Security Groups vs NACLs on AWS

February 13, 2026 | AWS Security Networking

Stateful vs stateless, defense in depth.

Security Groups vs NACLs: Defense in Depth

AWS provides two layers of network firewall: Security Groups (instance-level, stateful) and Network ACLs (subnet-level, stateless). Understanding when to use each — and how they complement each other — is essential for a robust security posture.

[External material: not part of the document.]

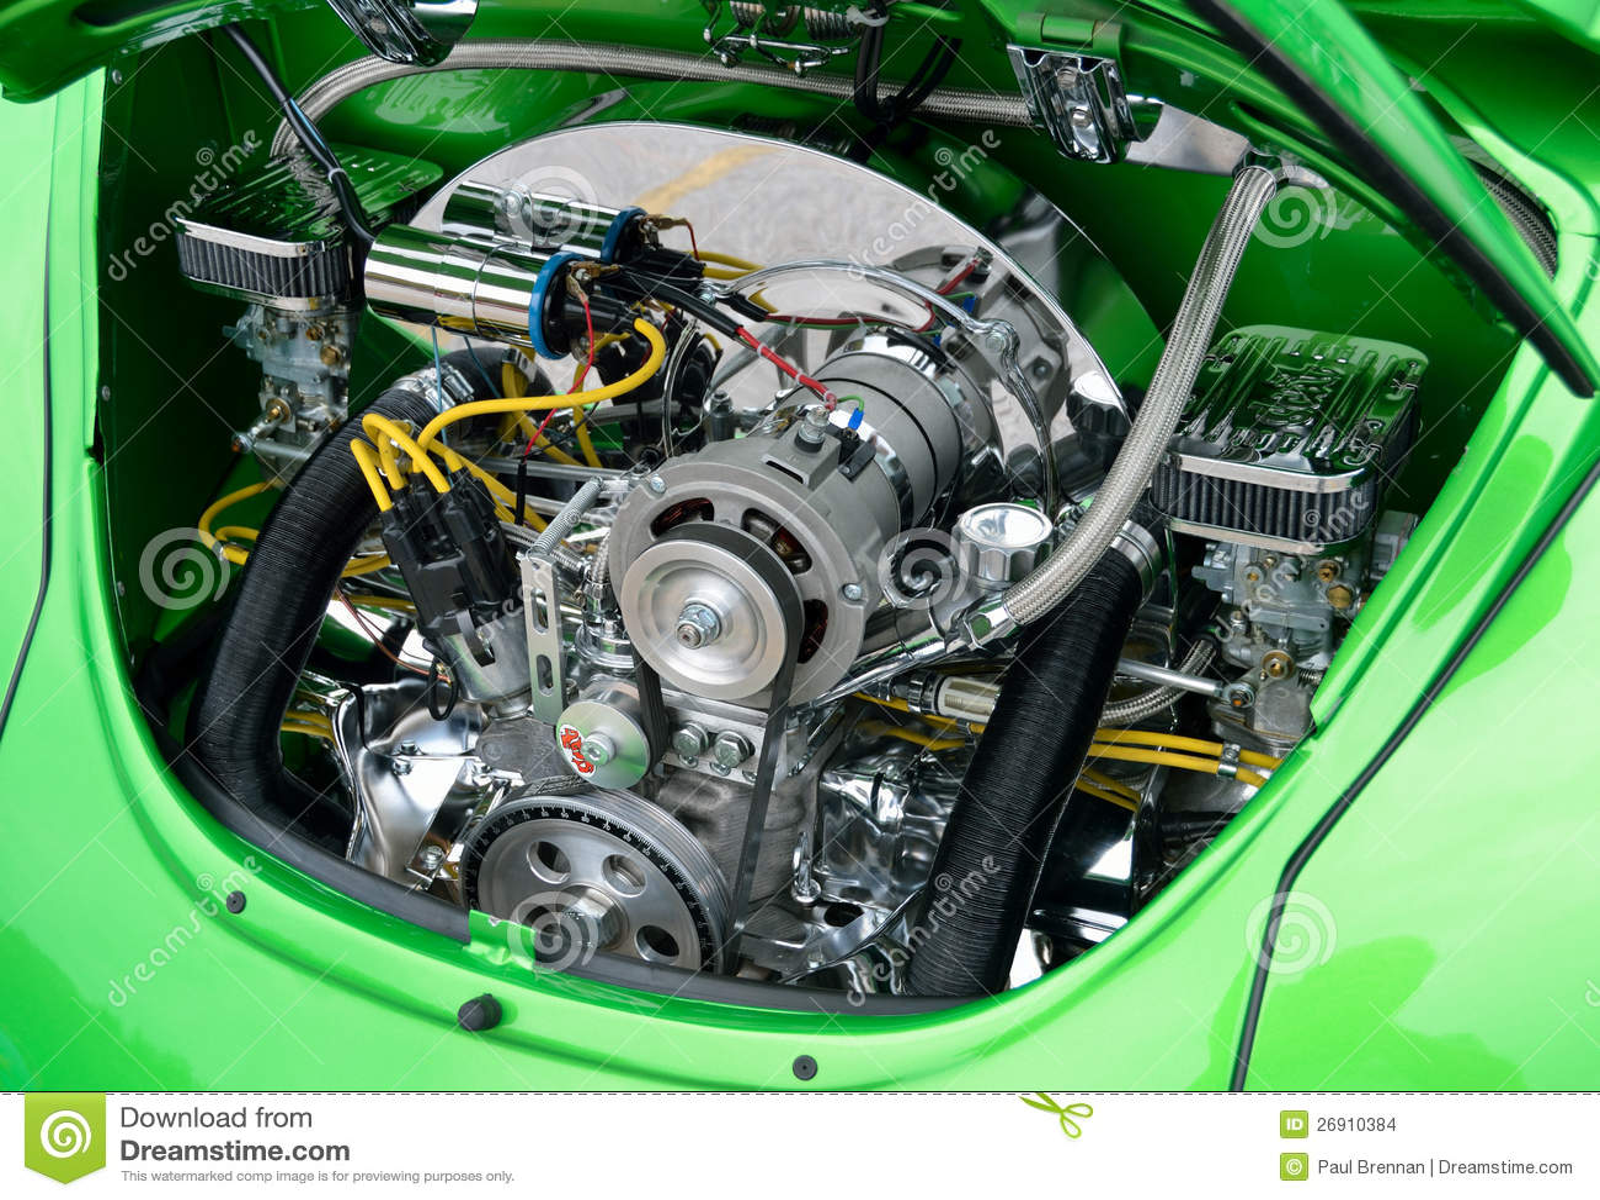 1972 Vw Beetle Engine Diagram Wiring Diagram Verison Verison Lastanzadeltempo It

Security Groups: Stateful Firewalls

Security Groups operate at the ENI (Elastic Network Interface) level:

  • Stateful — If you allow inbound traffic, the response is automatically allowed outbound
  • Allow rules only — You cannot create deny rules; anything not explicitly allowed is denied
  • Evaluate all rules — All rules are evaluated before deciding (no ordering)
  • Instance-level — Applied directly to EC2 instances, RDS, Lambda, etc.
# Web server Security Group
aws ec2 create-security-group --group-name web-sg --description "Web servers"
aws ec2 authorize-security-group-ingress --group-id sg-xxx \
  --protocol tcp --port 443 --cidr 0.0.0.0/0
aws ec2 authorize-security-group-ingress --group-id sg-xxx \
  --protocol tcp --port 80 --cidr 0.0.0.0/0

# Database Security Group - only allow from web-sg
aws ec2 authorize-security-group-ingress --group-id sg-db \
  --protocol tcp --port 5432 --source-group sg-xxx

NACLs: Stateless Firewalls

Network ACLs operate at the subnet level:

  • Stateless — Inbound and outbound rules are evaluated independently; you must allow both directions
  • Allow and deny rules — You can explicitly deny specific traffic
  • Ordered evaluation — Rules are processed in order by rule number (lowest first)
  • Subnet-level — Applied to all resources in the subnet
# NACL for data subnet - allow PostgreSQL from private subnets only
aws ec2 create-network-acl-entry --network-acl-id acl-xxx \
  --rule-number 100 --protocol tcp --port-range From=5432,To=5432 \
  --cidr-block 10.0.10.0/24 --rule-action allow --ingress

# Deny all other inbound
aws ec2 create-network-acl-entry --network-acl-id acl-xxx \
  --rule-number 200 --protocol -1 \
  --cidr-block 0.0.0.0/0 --rule-action deny --ingress

# Allow return traffic (stateless - must be explicit)
aws ec2 create-network-acl-entry --network-acl-id acl-xxx \
  --rule-number 100 --protocol tcp --port-range From=1024,To=65535 \
  --cidr-block 10.0.10.0/24 --rule-action allow --egress

Side-by-Side Comparison

FeatureSecurity GroupsNACLs
LevelInstance (ENI)Subnet
StatefulnessStatefulStateless
RulesAllow onlyAllow and Deny
EvaluationAll rulesOrdered (by number)
DefaultDeny all inboundAllow all
ScopePer-resourcePer-subnet

Defense in Depth Strategy

  1. Security Groups (primary control) — Fine-grained, per-resource rules. This is where 90% of your firewall logic lives.
  2. NACLs (secondary control) — Broad subnet-level rules for additional protection:
    • Block known malicious IP ranges
    • Restrict data subnets to private subnet CIDR only
    • Add explicit deny rules that Security Groups can't provide

Best Practices

  • Reference Security Groups by ID — Use source Security Group references instead of IP ranges for inter-tier communication
  • Keep NACLs simple — Only add rules that Security Groups can't handle (explicit denies)
  • Name everything — Use descriptive names and tags for both SGs and NACLs
  • Audit regularly — Use AWS Config rules to detect overly permissive Security Groups
  • Avoid 0.0.0.0/0 on database ports — This is the #1 security misconfiguration in AWS

Eazy SaaS Tip: We use Security Groups as the primary firewall with NACLs providing a safety net. Our standard VPC template includes locked-down NACLs on data subnets that only allow traffic from application subnets — even if someone misconfigures a Security Group, the NACL provides protection.